With 1200 GB/s Speed, China Launches World's Fastest Internet

China claims to have launched the world's first ultra-high-speed next-generation Internet backbone with a bandwidth of 1,200 GB per second (1.2 Terrabytes), reported China’s national daily Xinhuanet.

The speed of 1.2 TB per second means one can download more than 100 movies within a second.

Jointly developed by Tsinghua University, Huawei Technologies Co., China Mobile Ltd., and CERNET.com, this ultra-high-speed next-generation Internet backbone has a 3,000 kilometer (1,860-mile) internet network linking Beijing to the south, which China is touting as its latest technological breakthrough.

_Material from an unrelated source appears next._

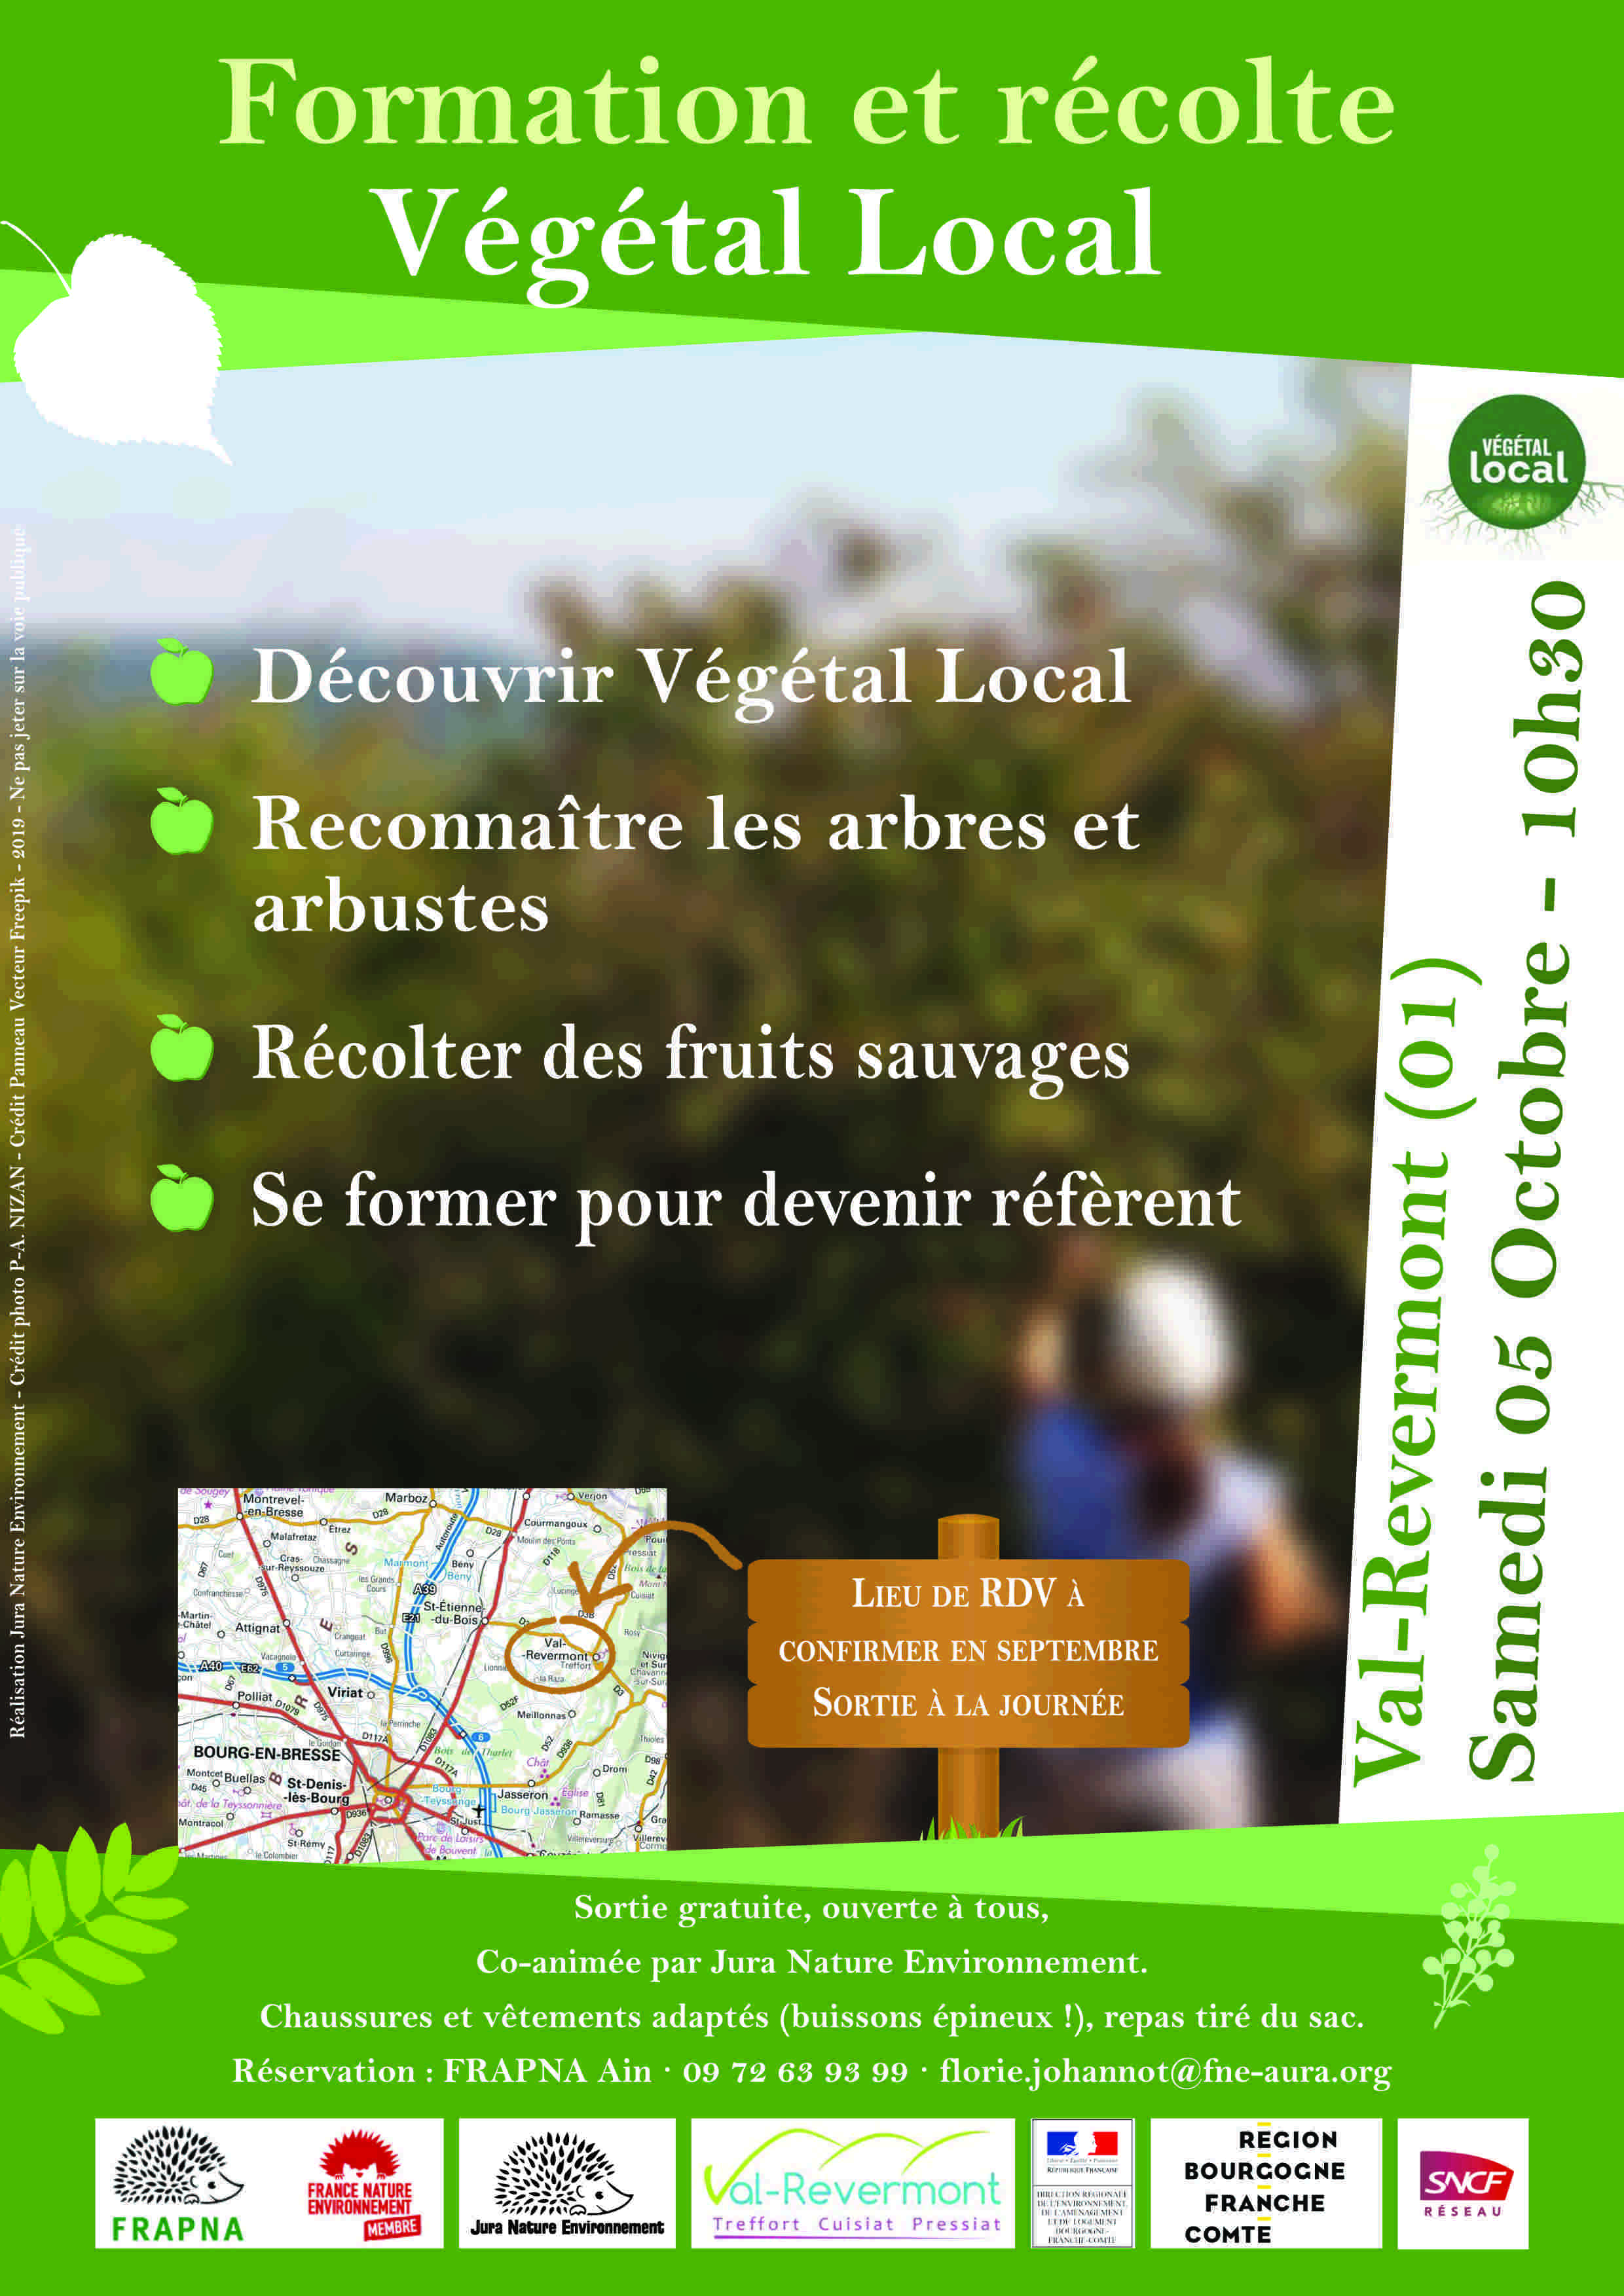 Végétal Local – L’agenda des formations automne 2019 !

China claim it as the world's first internet network to achieve a "stable and reliable" bandwidth of 1.2 terabits per second, several times faster than typical speeds around the world. Trials began July 31 and it's since passed various tests verifying that milestone, the university said in a statement.

China started trials of its ambitious – Future Internet Technology Infrastructure (FITI) project, on July 31 this year. FITI is built by 40 Chinese universities including the Tsinghua University. FITI has been running stably and reliably, successfully passing various tests.

Tsinghua, Chinese President Xi Jinping's alma mater, is plugging the project as an industry-first built entirely on homegrown technology, and credits Huawei prominently in its statement.

The FITI backbone is operated based on China's domestically-owned key technologies such as the next-generation Internet core router 1.2T ultra-high-speed IPv6 interface and the ultra-high-speed multi-path aggregation. Both the software and hardware of the FITI backbone are made domestically.